▶ Dataset section
══════

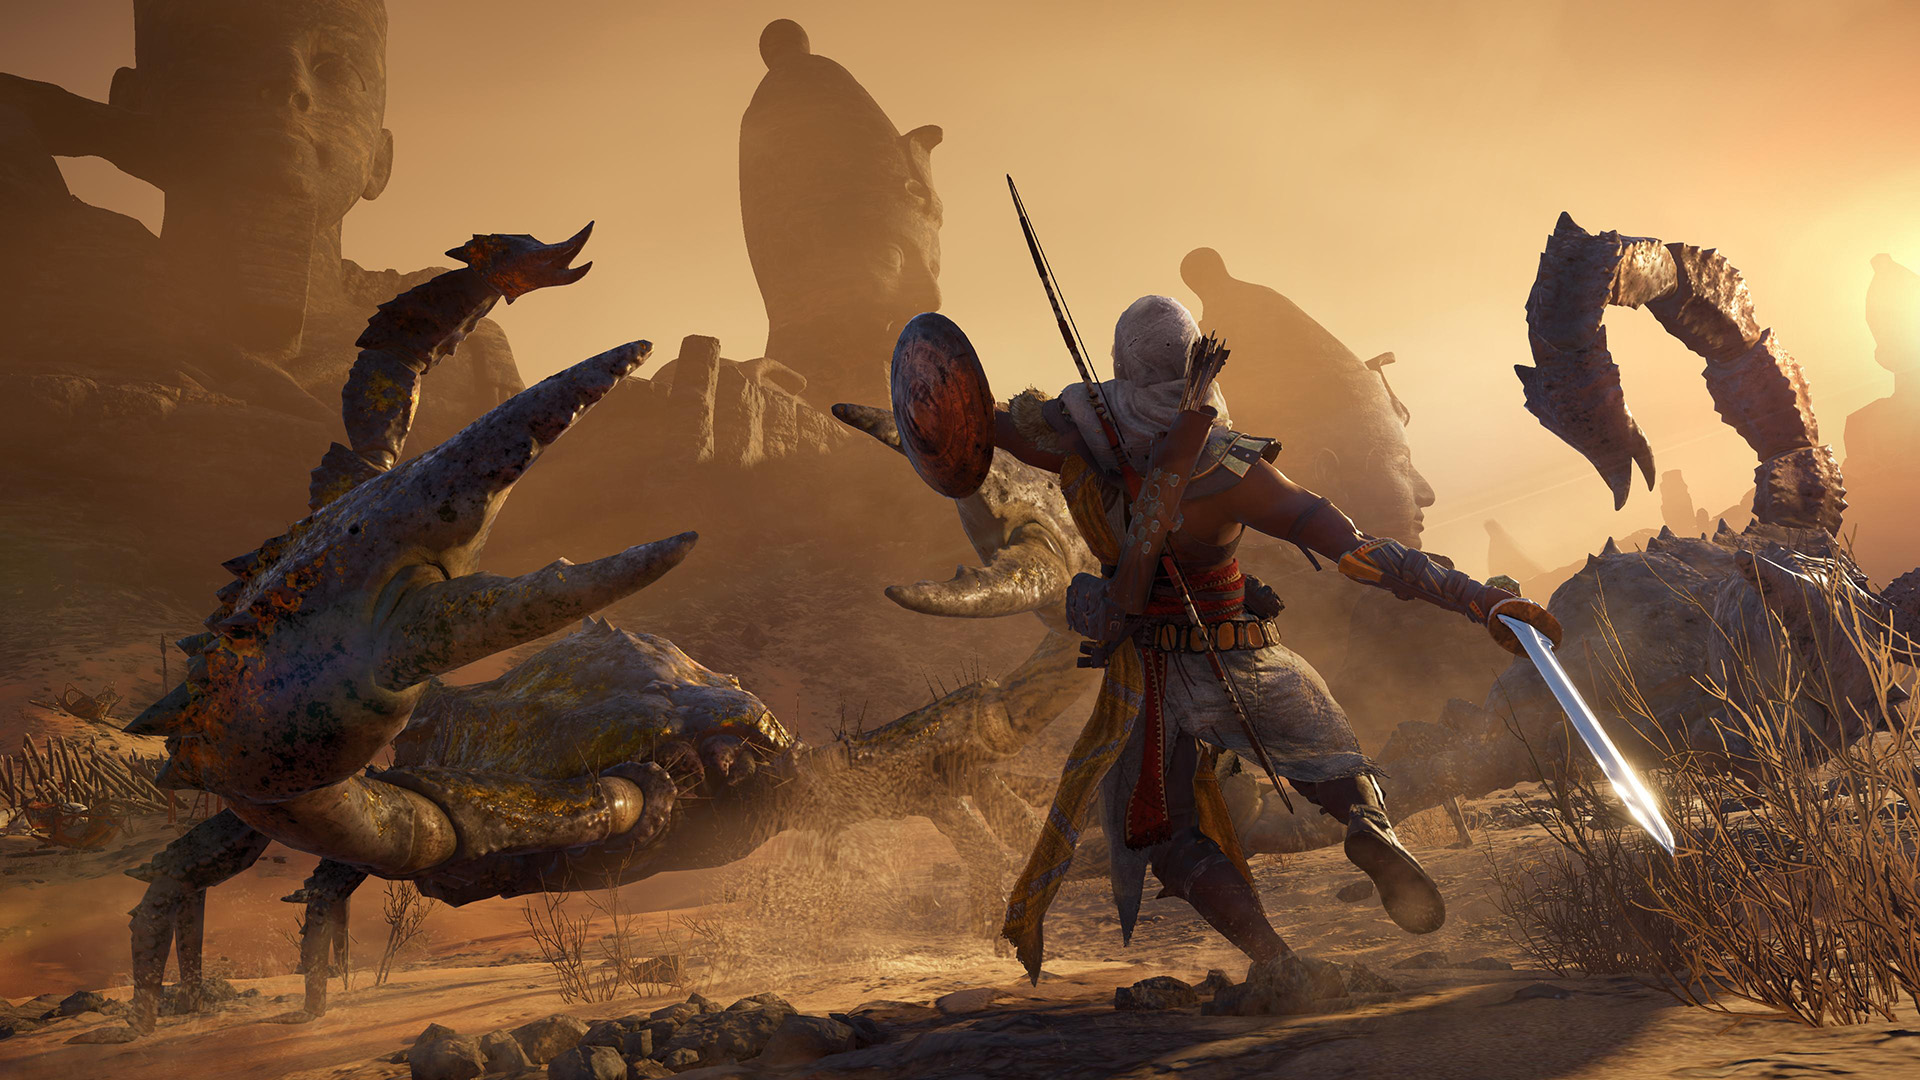 Assassin Creed Origins 1.20 Update Out Now, 3GB Download - Patch Notes Inside
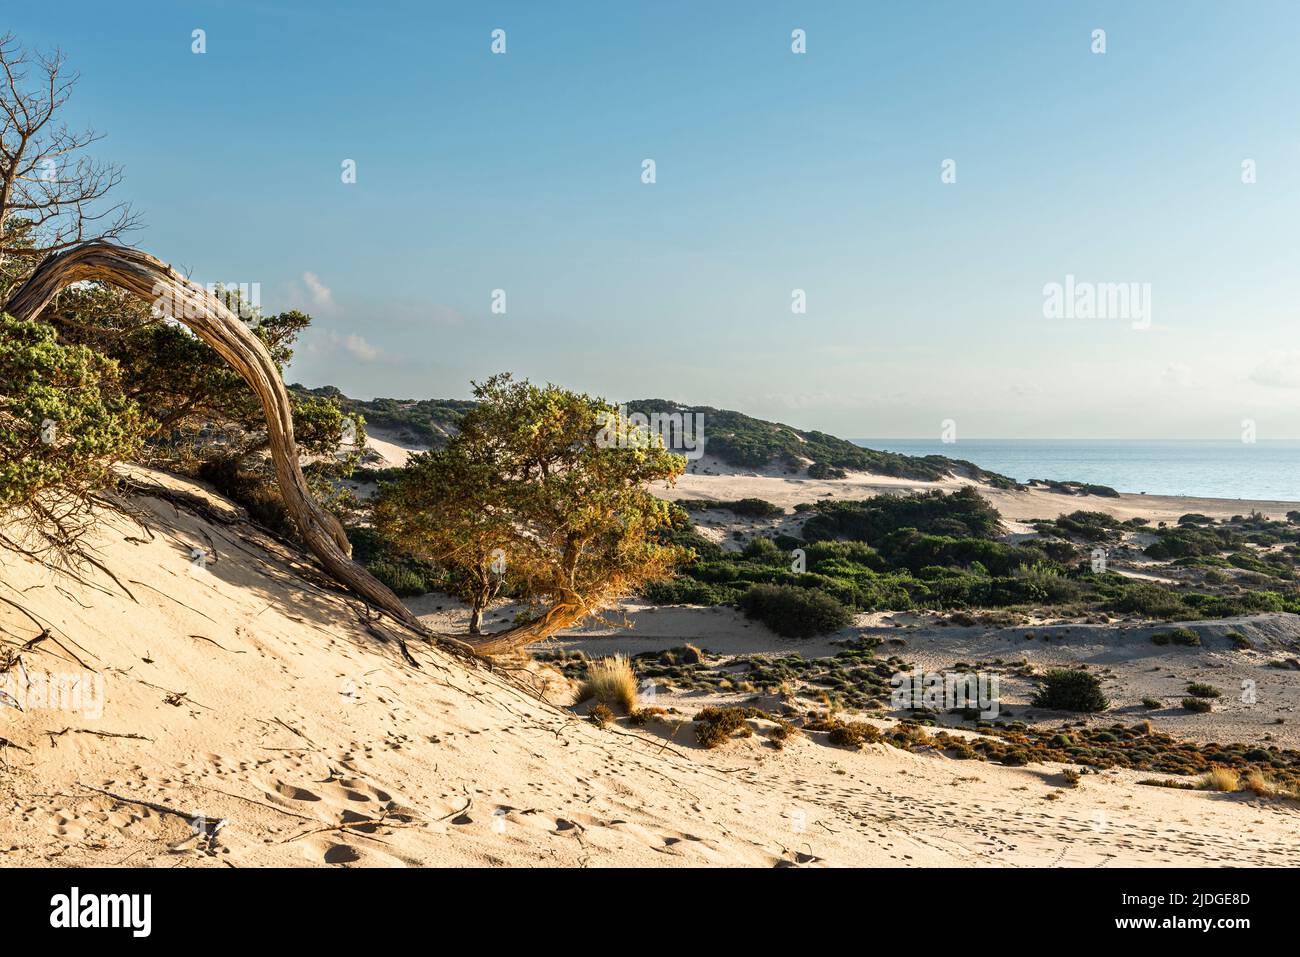 Juniper tree with crooked, bent branches in the sand of the dunes on the beach of Piscinas, Costa Verde in the warm evening sun, Sardinia, Italy Stock Photo
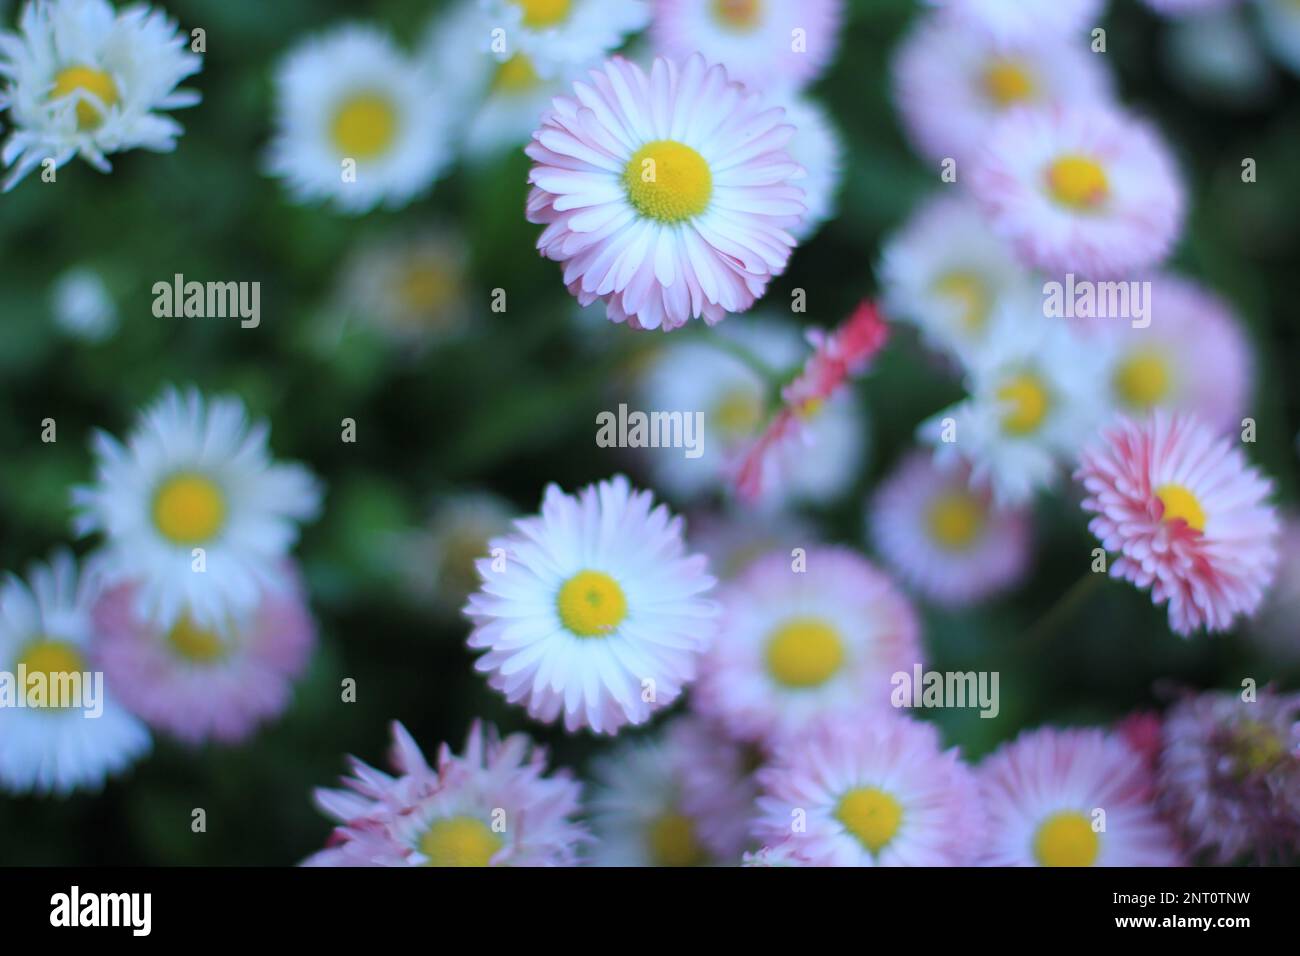 Daisy perennial flowers in a sunny garden , out of focus , blurred focus .Colorful pom-poms bloom. Spring nature background. Stock Photo

══════

▶ The task
From the data above, write out everything exactly except the pictures.

▶ Written answer
 Assassin Creed Origins 1.20 Update Out Now, 3GB Download - Patch Notes Inside
 Juniper tree with crooked, bent branches in the sand of the dunes on the beach of Piscinas, Costa Verde in the warm evening sun, Sardinia, Italy Stock Photo
 Daisy perennial flowers in a sunny garden , out of focus , blurred focus .Colorful pom-poms bloom. Spring nature background. Stock Photo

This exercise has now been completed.